Oddly, the line that I resonated to was: "By this time I'm pretty much just feeling wrong." Some years ago I was diagnosed with a fainting disorder, for which the diagnostic procedure was a "tilt table test." They run an IV into each arm, strap you, like the Bride of Frankenstein, onto a table and then run, first one chemical and then another into your arm to see if they can make you faint (if you faint you fail the test and thus have vaso-vagal syncope, huzzah). The first substance they fed into me slows your heart rate down. And you don't feel sick. You're not in pain. You just feel wrong. Really wrong. In a way I have never experienced anytime else. Like you with the Dacarbazine.
How many chemo sessions do you have ahead of you?
Mad, I've had three chemo sessions. After five more I'll be evaluated (80% of all Hodgkins cases have no sign of tumor after eight sessions.) Then I might have four more, depending on the evaluation.
The lumps in my neck have definitely gone down, but I can still feel them. Eventually I won't know if there are lumps there or just scar tissue.
Did you pass the fainting test?
I flunked it. The first substance (which I recall was adenosine--I remember asking the doctor if this was one of the four building blocks of DNA) goes in for only a moment and metabolizes very quickly. If that doesn't make you faint, they run something else in the other arm that speeds up the heart rate. If you can endure that for 25 minutes you pass the test. Passing the test means you don't have vaso-vagal syncope, and they have to keep looking for some other source of the problem. Since vaso-vagal syncope simply means that, under certain circumstances, you faint, it's a pretty benign diagnosis.
I fainted 22 minutes into the second part of the test, thereby flunking and walking out with a diagnosis in my pocket and a song in my heart. And now, if I feel dizzy, I know enough to get down low...
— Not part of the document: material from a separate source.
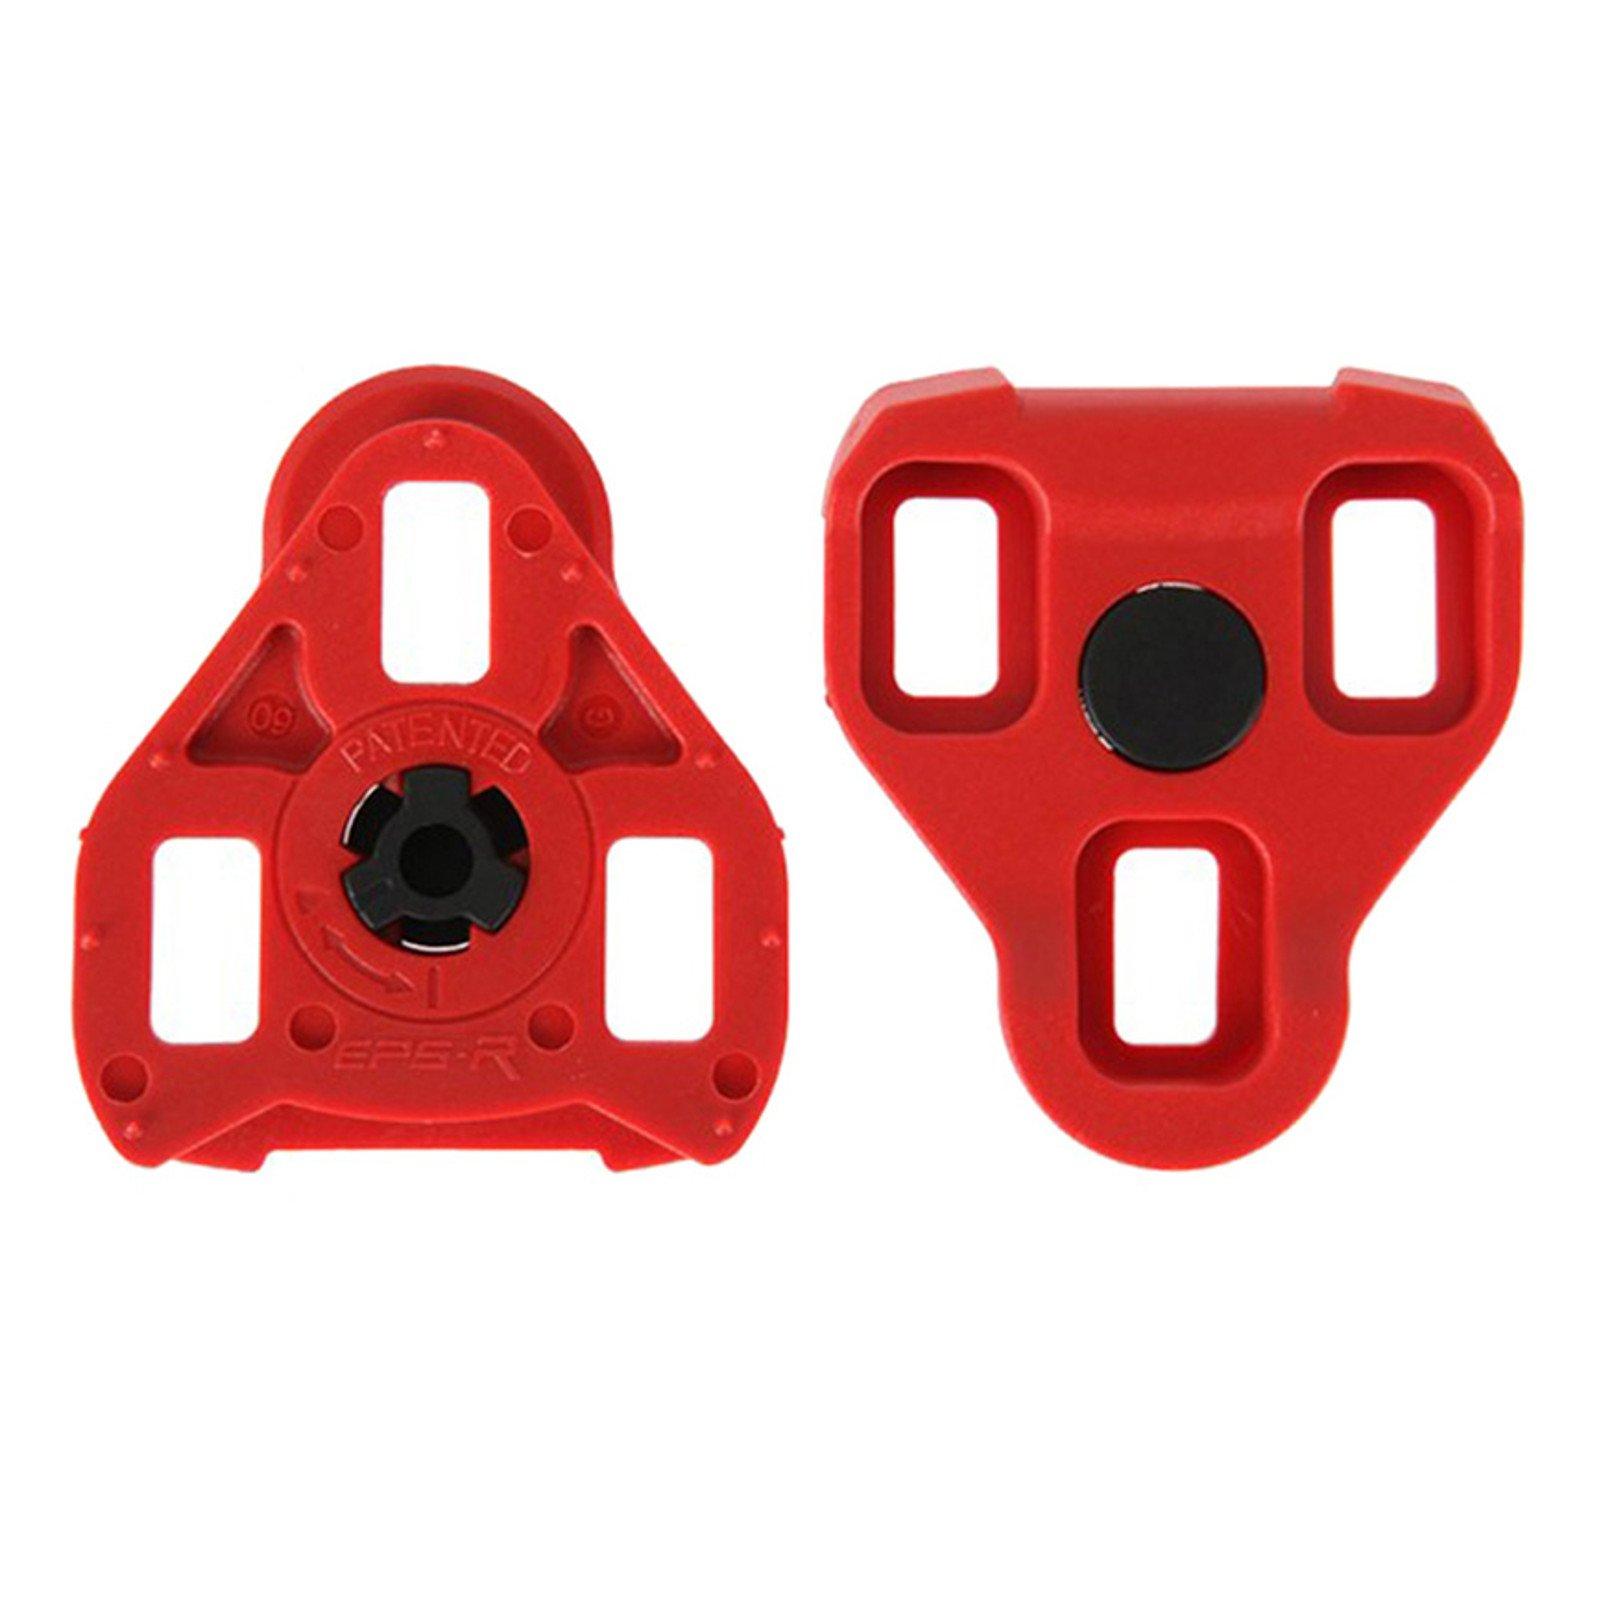 Black//Red Gear Pedal CRF150 07 On CRF250L 13/≫ On RFX FXGP 11202 99RD Pro Flex

The first substance (which I recall was adenosine--I remember asking the doctor if this was one of the four building blocks of DNA) goes in for only a moment and metabolizes very quickly.My sister, who's a doctor, was telling me an anecdote about one of her patients that involved adenosine. A young (thirties) woman came in with tachycardia. My sister clocked her heart rate at 240 beats a minute. Had the woman been older, this would have been an EMERGENCY, but even in a young person it's rather alarming. My sister had the staff hook her up to a heart monitor and get some adenosine, which they did without hurrying, since the woman was young and did not appear to be in distress. When the number 240 came up on the monitor, they hurried a bit more.
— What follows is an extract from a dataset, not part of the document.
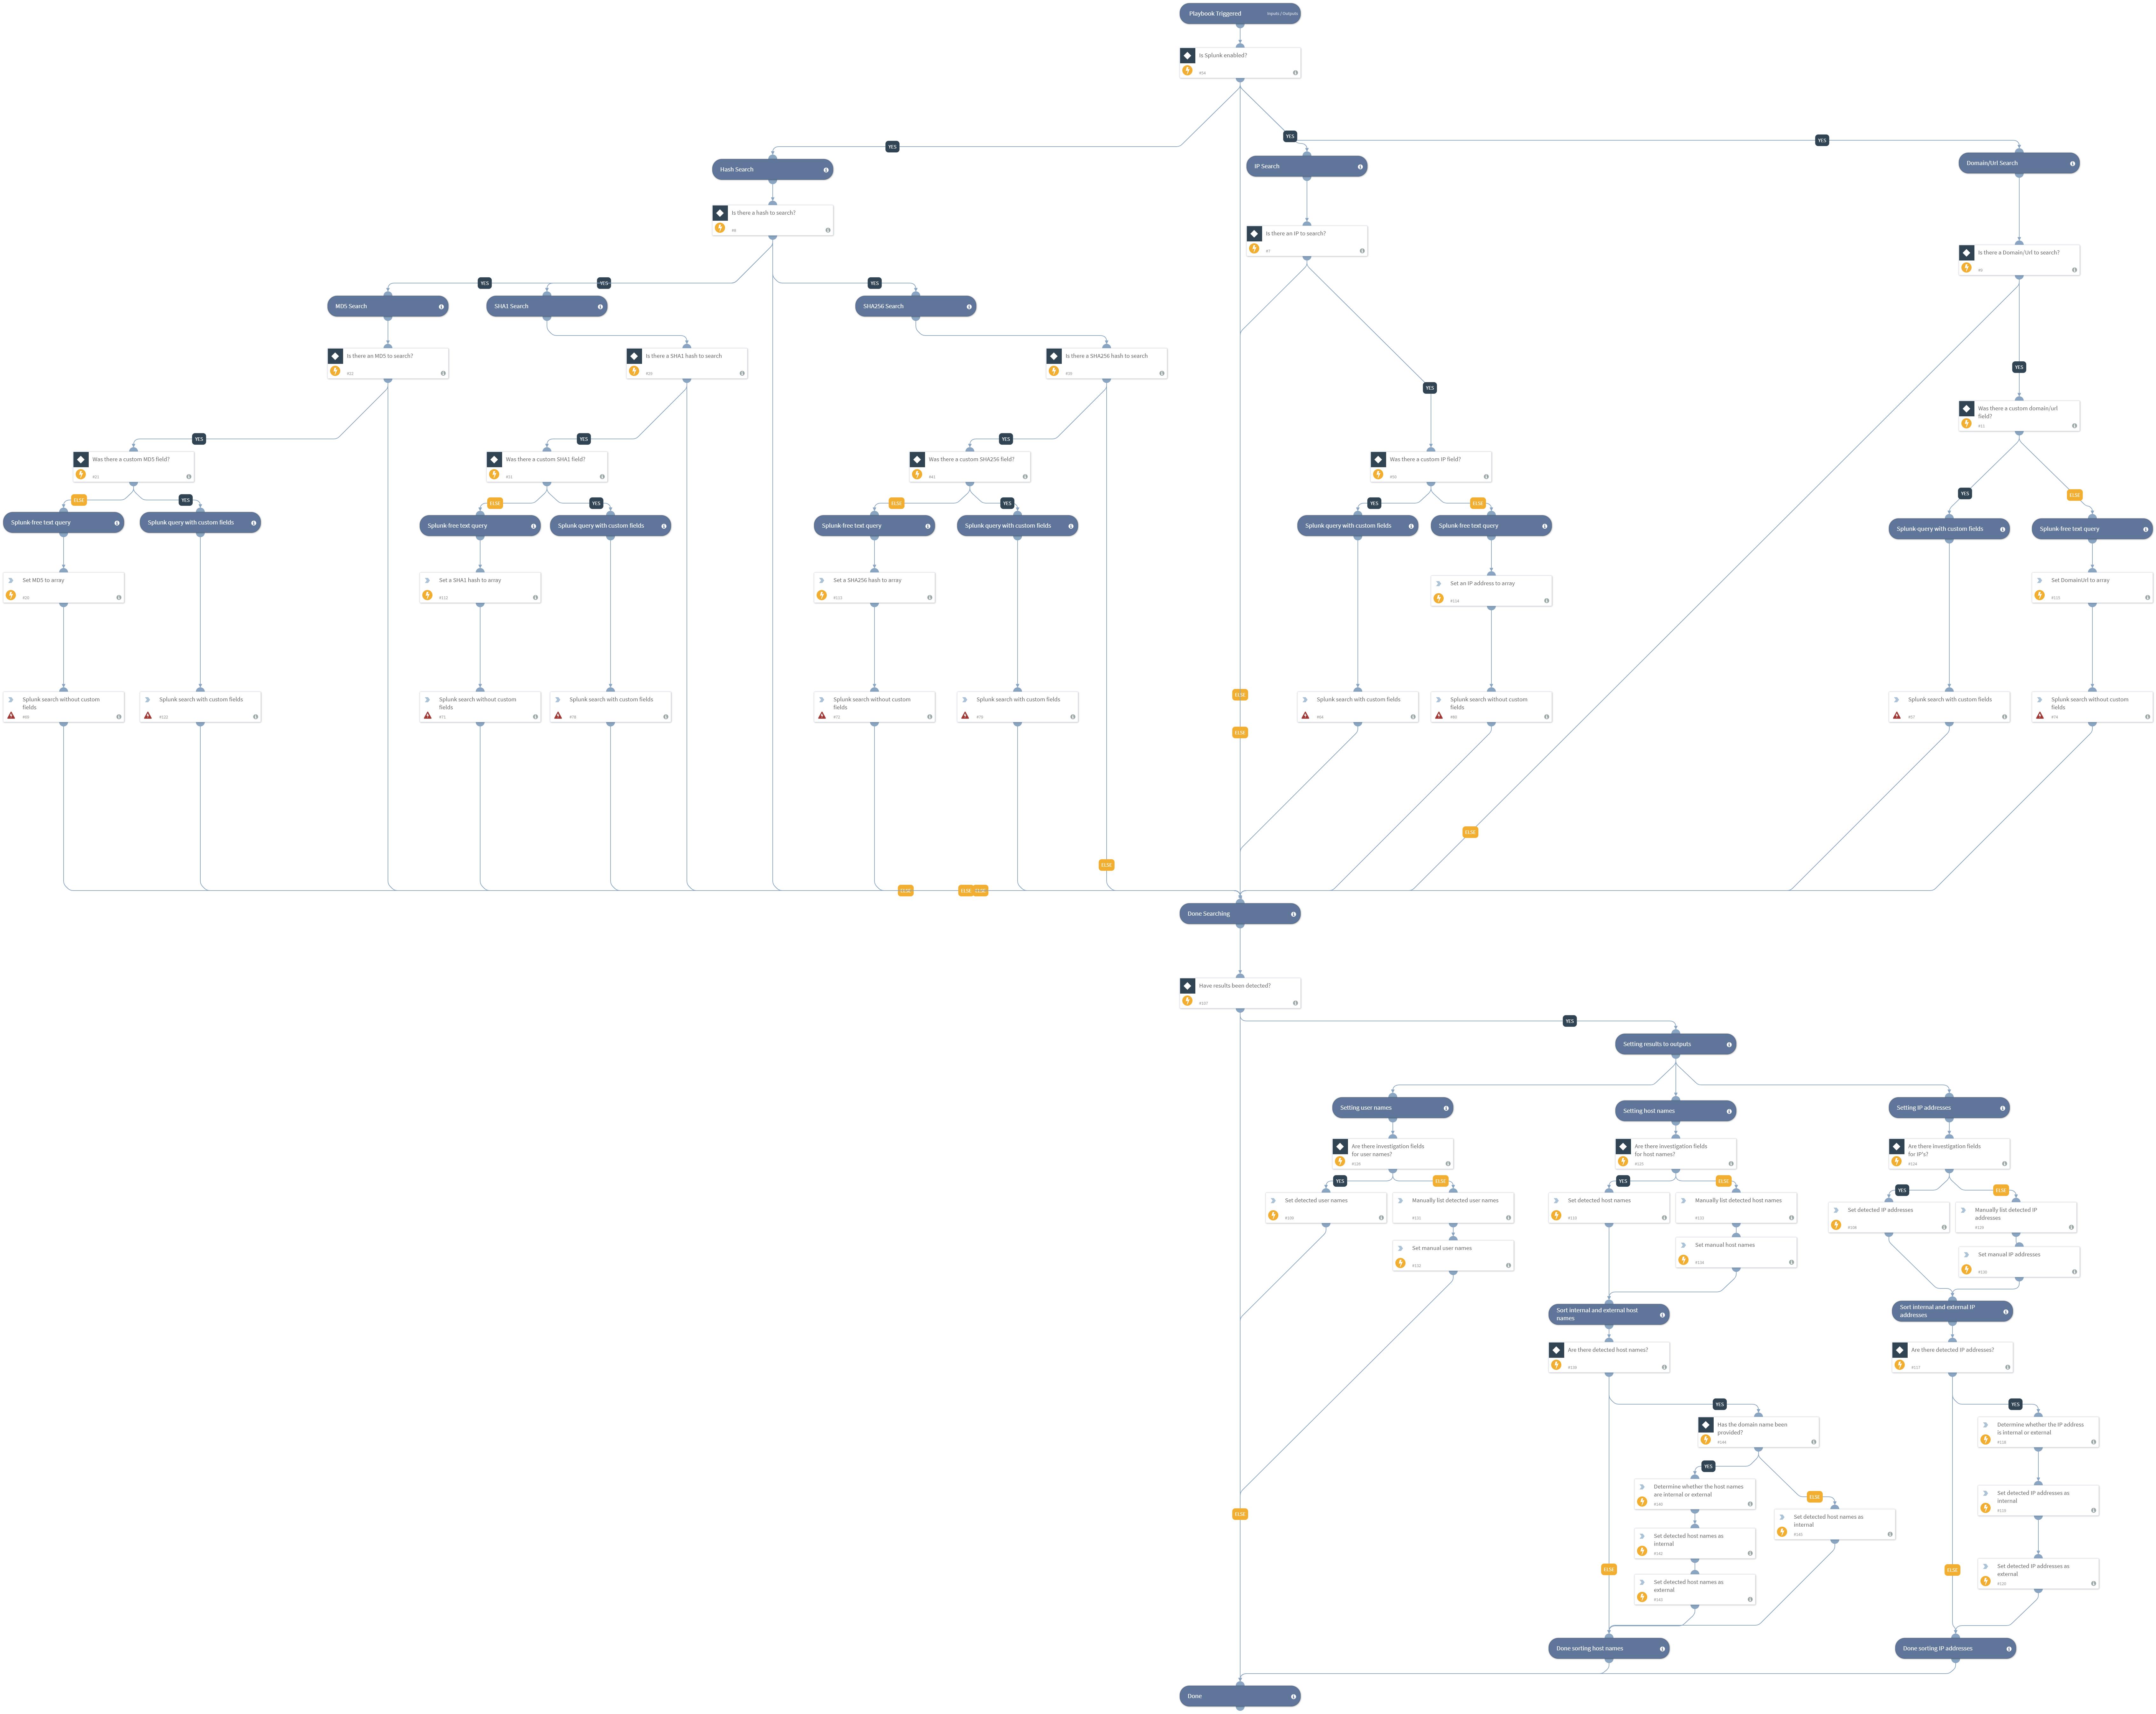 Splunk_Indicator_Hunting

First my sister administered 6 mg of adenosine, and watched the monitor closely. Adenosine works quickly and is metabolized quickly, so you'll either see an effect right away or not at all. Nothing happened. So my sister administered 12 mg. The woman said, "Oh, I can feel something happening..."
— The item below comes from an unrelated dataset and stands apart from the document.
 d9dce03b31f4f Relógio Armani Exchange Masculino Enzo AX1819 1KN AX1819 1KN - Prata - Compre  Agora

And then, her heart rate dropped to 120, and everyone breathed a sigh of relief. They still had work to do to bring her heart rate back to normal, but 120 is MUCH better than 240.
The Infusion Room sounds dreadful and necessary. And oddly primitive. There's some metaphor in how we treat cancer by throwing things at it that are stronger than it is and trying to make it go away.
It sounds like there's some confort in knowing how many times you're likely to go through treatment, and much comfort in knowing that the odds are in your favor.
As always, the writing is pretty damn good.
l.
240 beats per minute...yikes!
My normal heartrate is about 60. If it was four times that, I think my head would explode.
I get this image of people in the office working without hurry--sort of like the bomb squad being careful not to jiggle anything.